*** Opening of SOURCE DATA ***

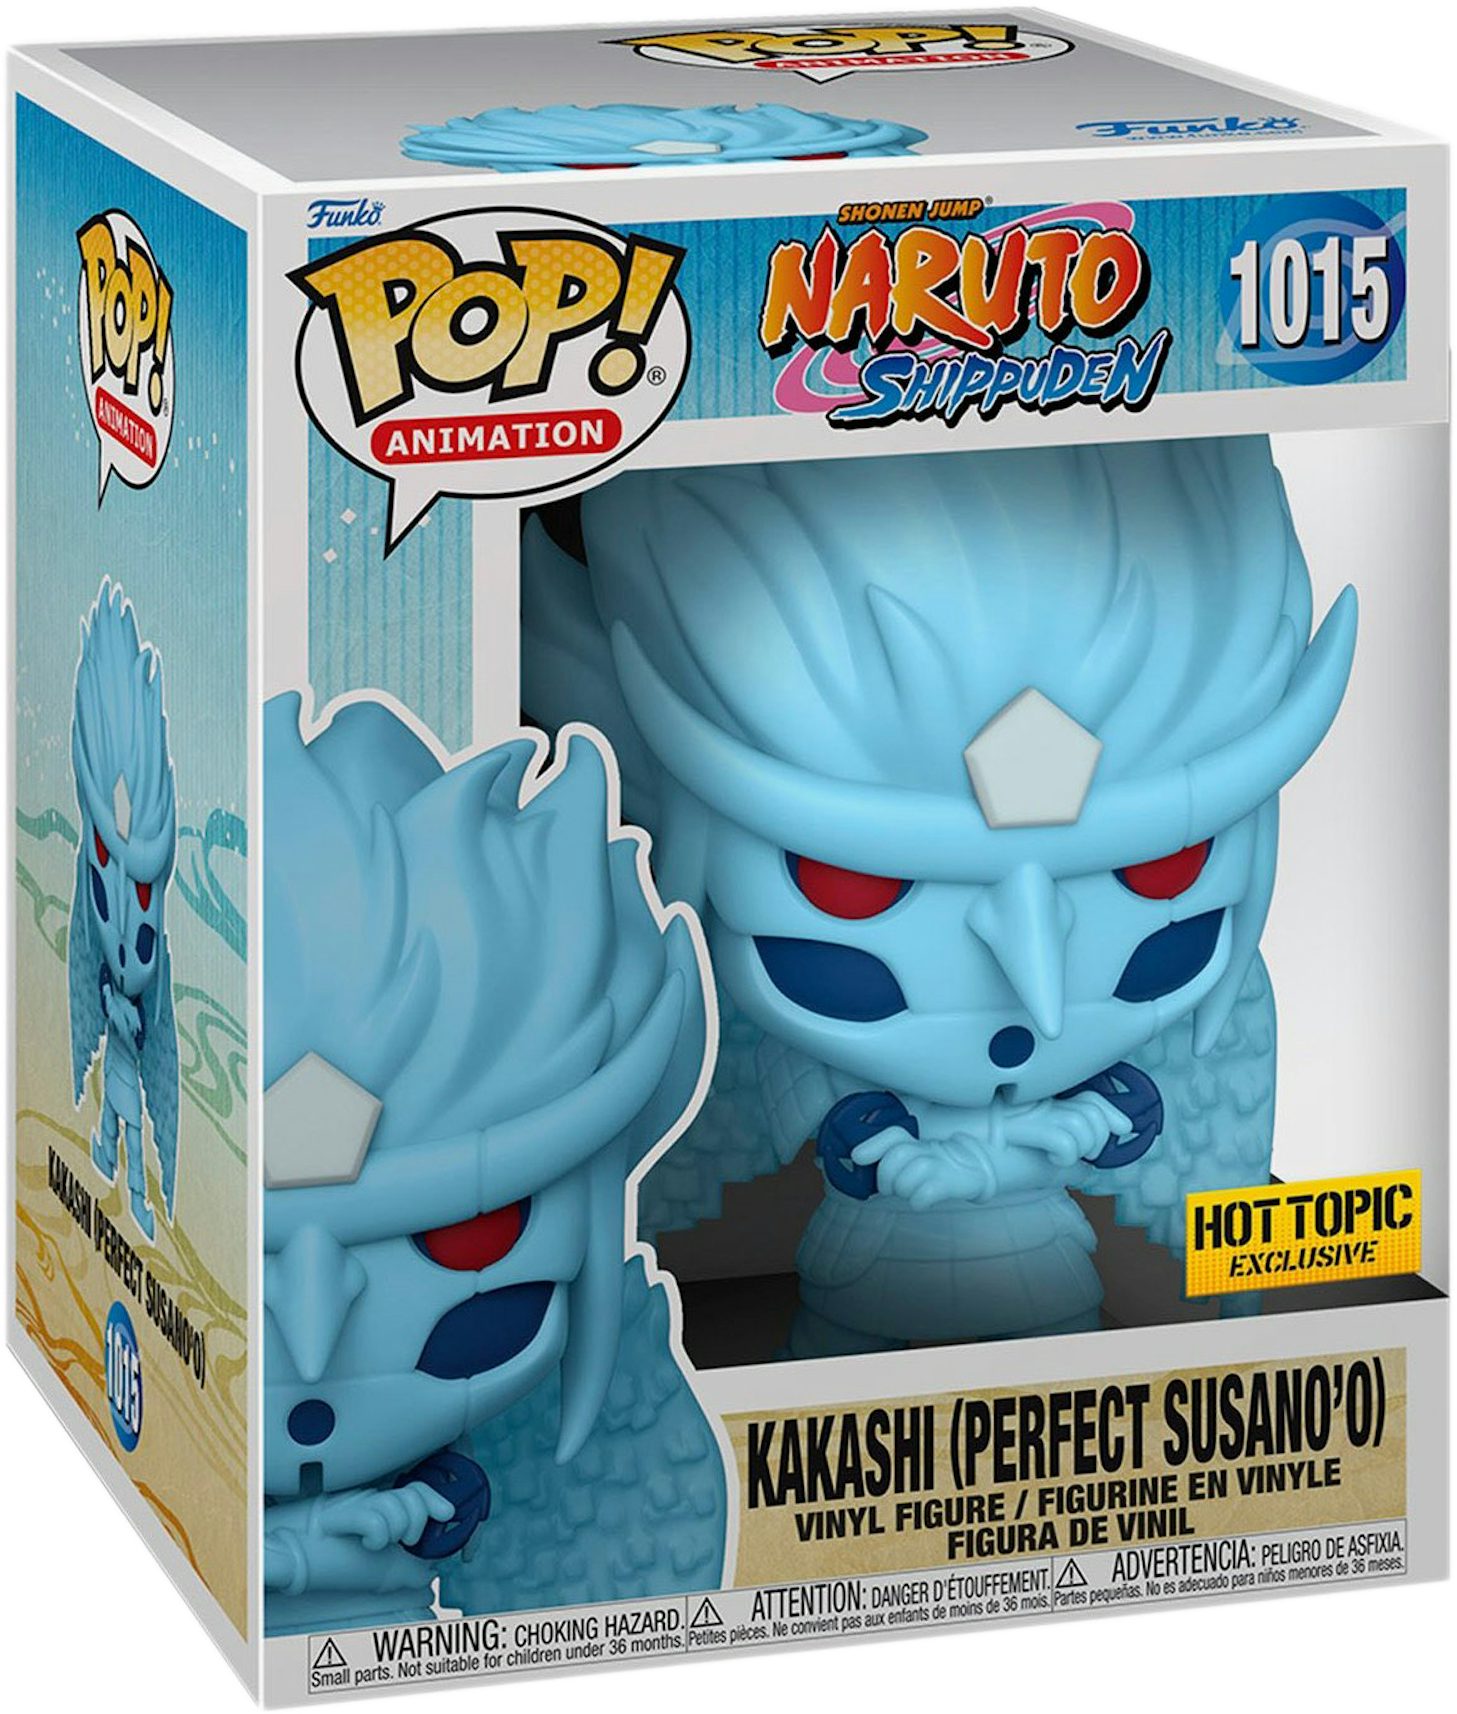 https://images.stockx.com/images/funko-pop-animation-naruto-shippuden-kakashi-perfect-susanoo-hot-topic-exclusive-figure-1015-updated.jpg?fit=fill&bg=FFFFFF&w=1200&h=857&fm=jpg&auto=compress&dpr=2&trim=color&updated_at=1644374773&q=60
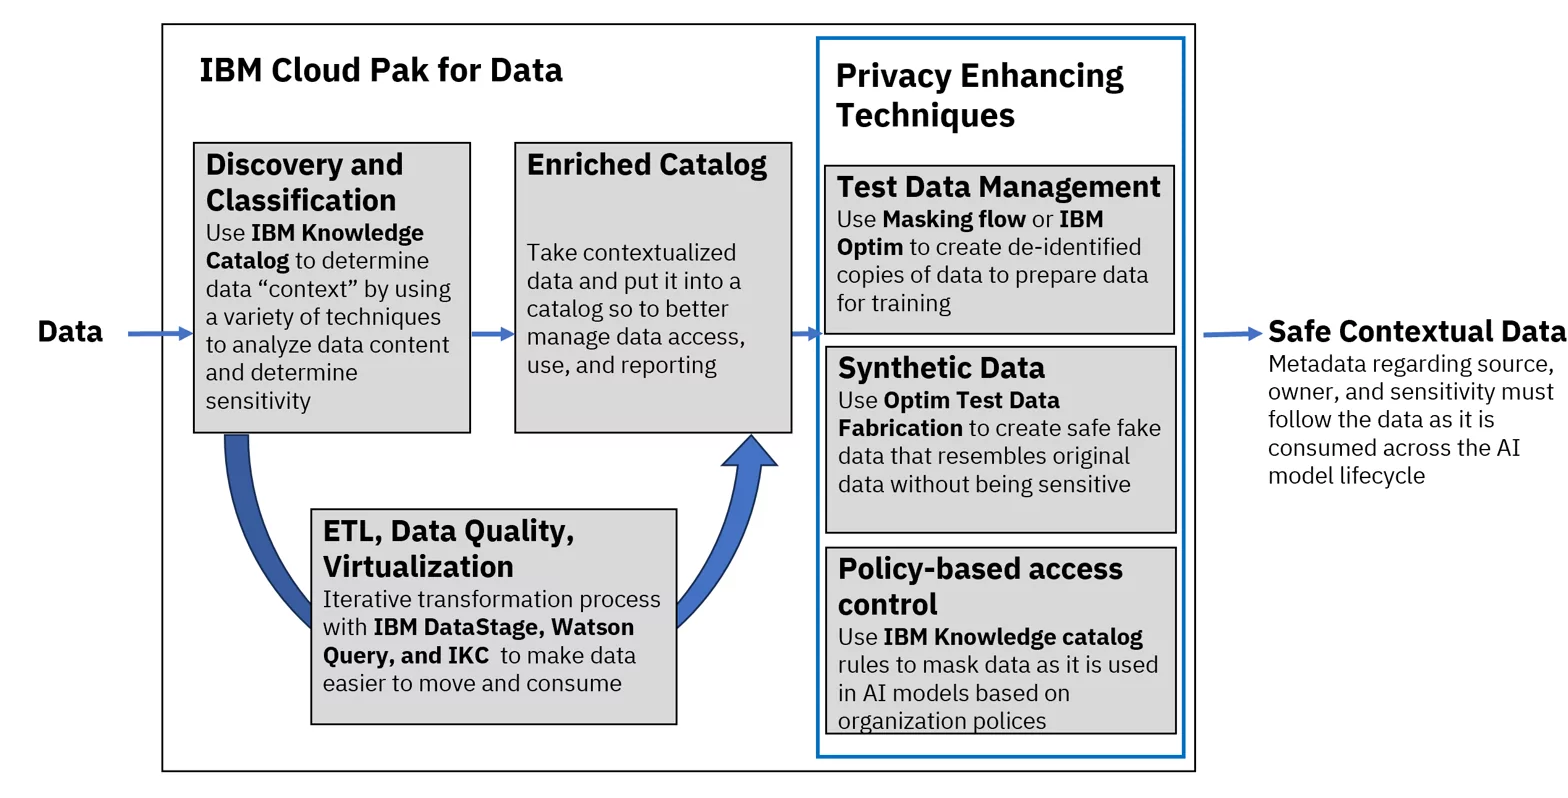 LLM app stack and data governance solution in context
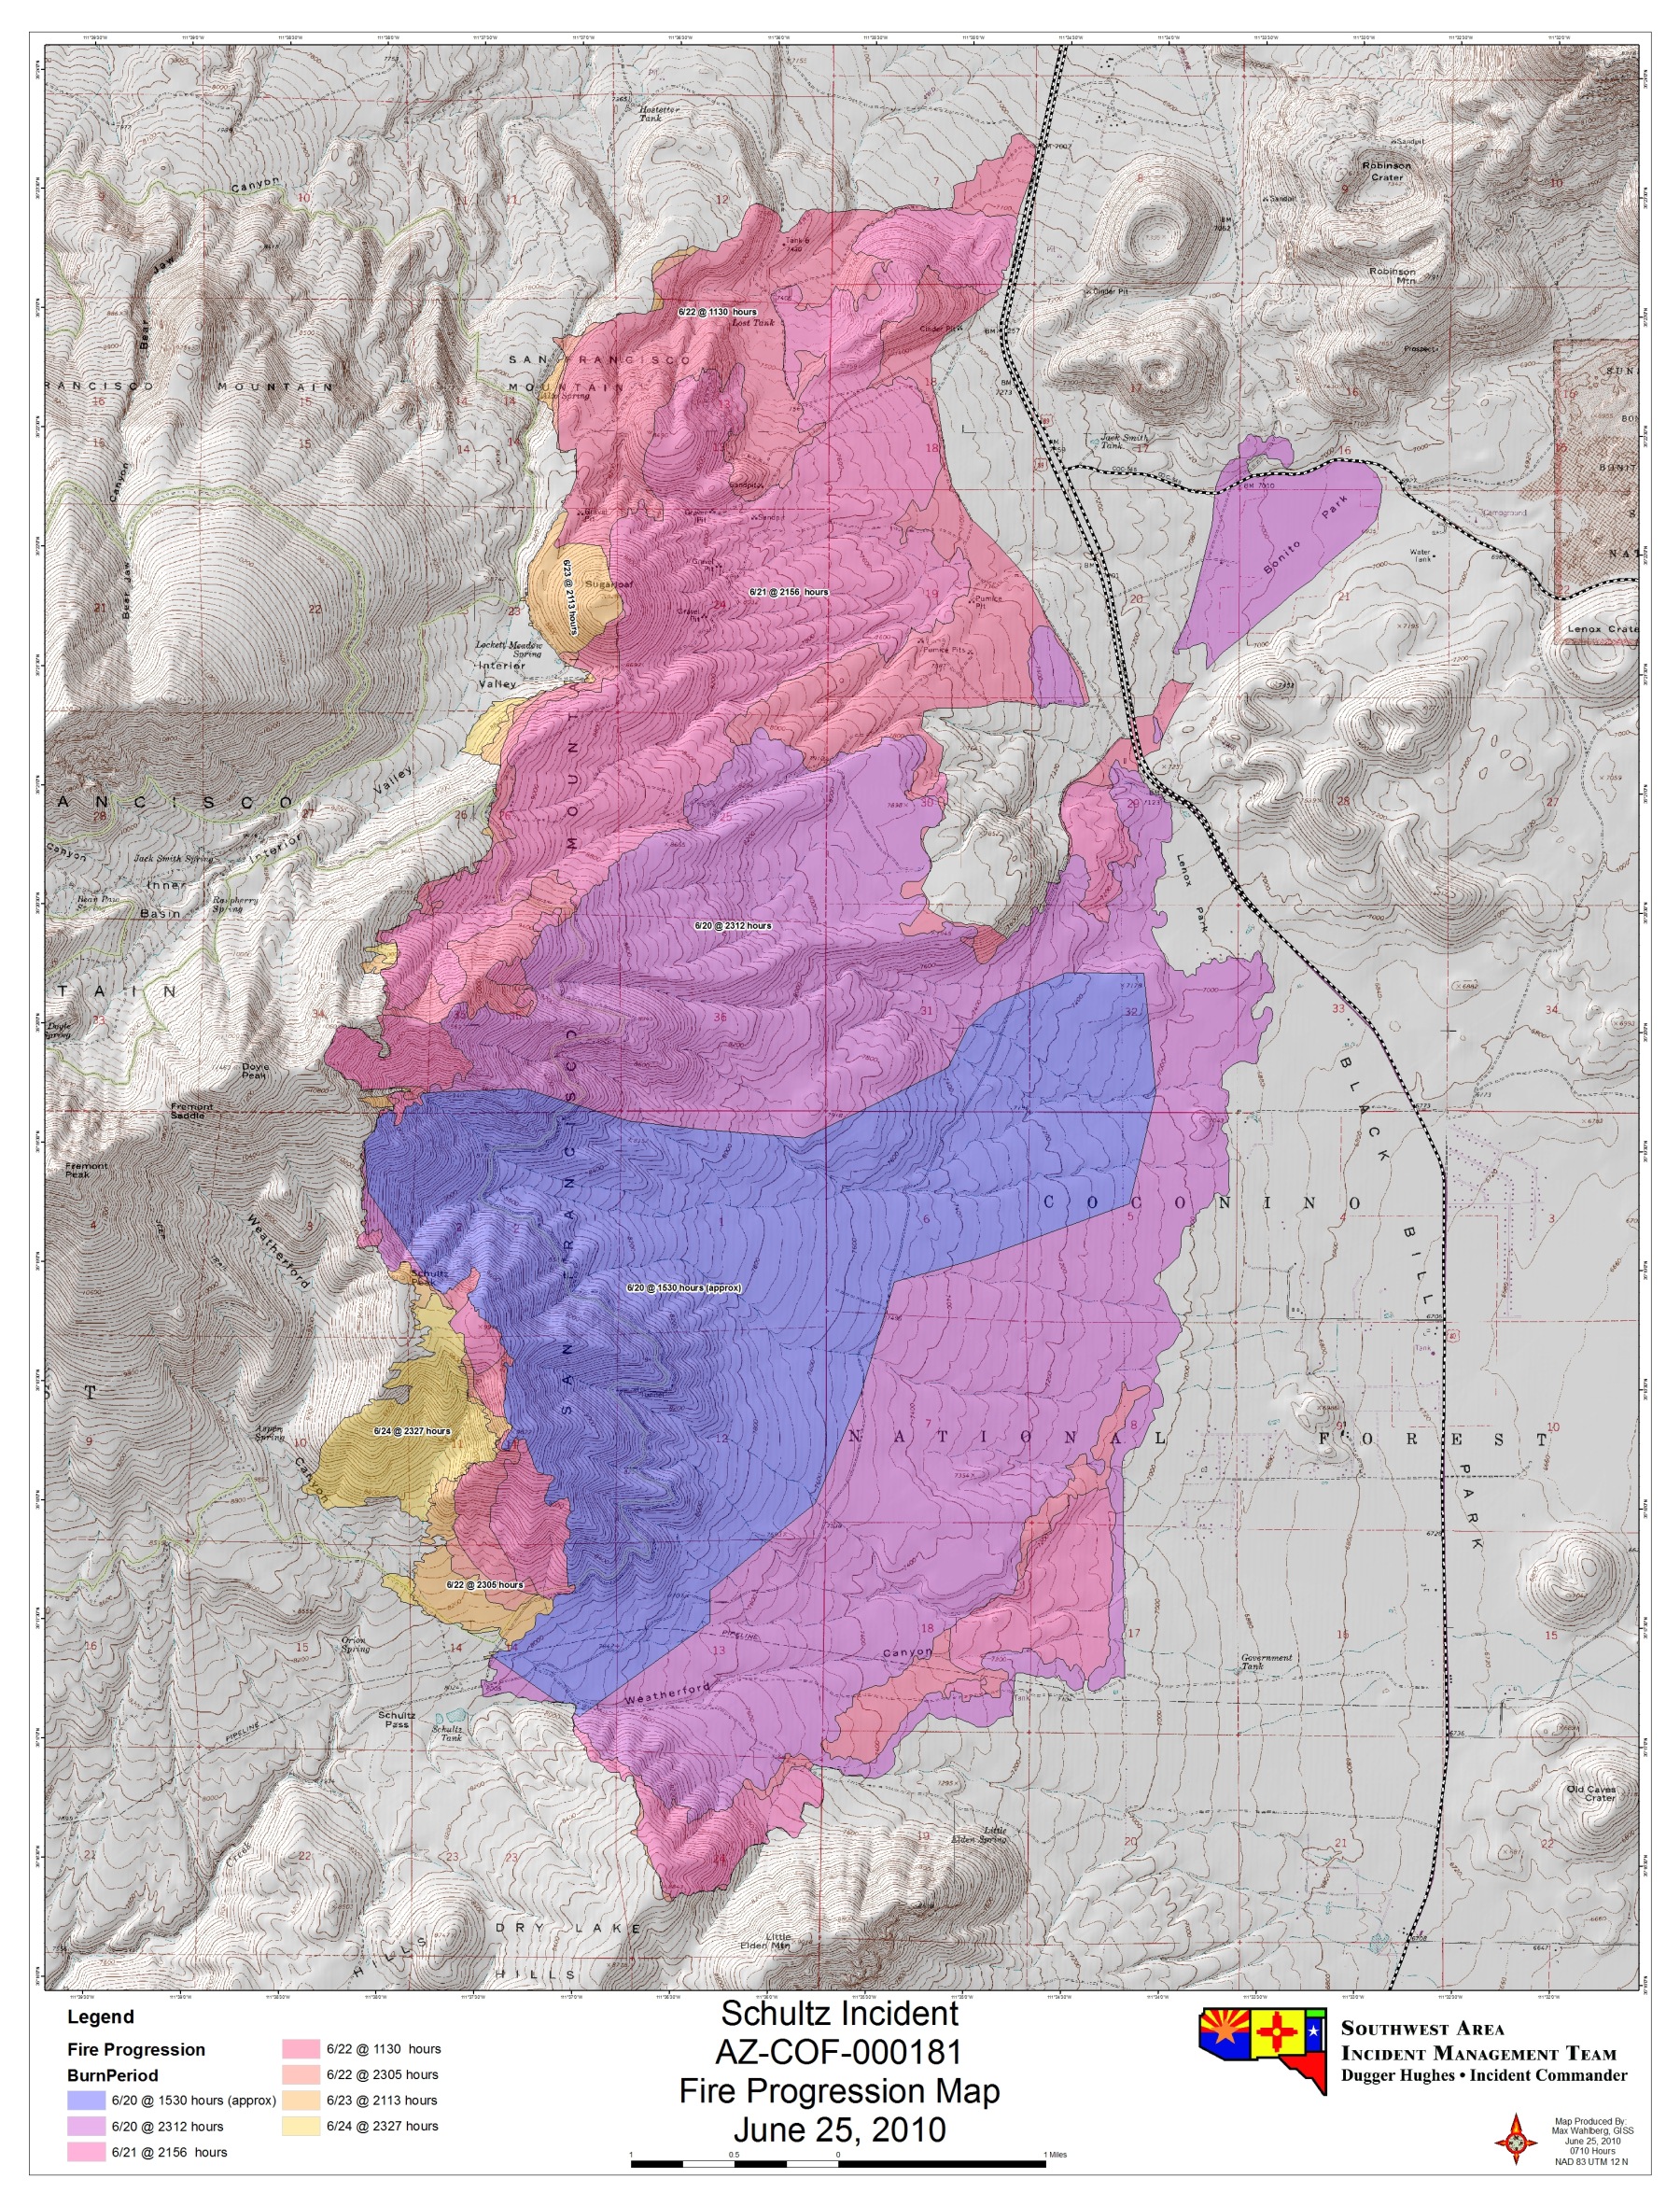 Outline of the Schultz Fire. Graphic Credit: USDA Forest Service, Rocky Mountain Research Station

*** Close of SOURCE DATA ***

**TASK REQUIREMENTS:**
Leaving every picture out, write out exactly the lines from the one that holds "LLM app stack" through the end of the listing, both included.

**REPLY TO THE EXERCISE:**
 LLM app stack and data governance solution in context
 Outline of the Schultz Fire. Graphic Credit: USDA Forest Service, Rocky Mountain Research Station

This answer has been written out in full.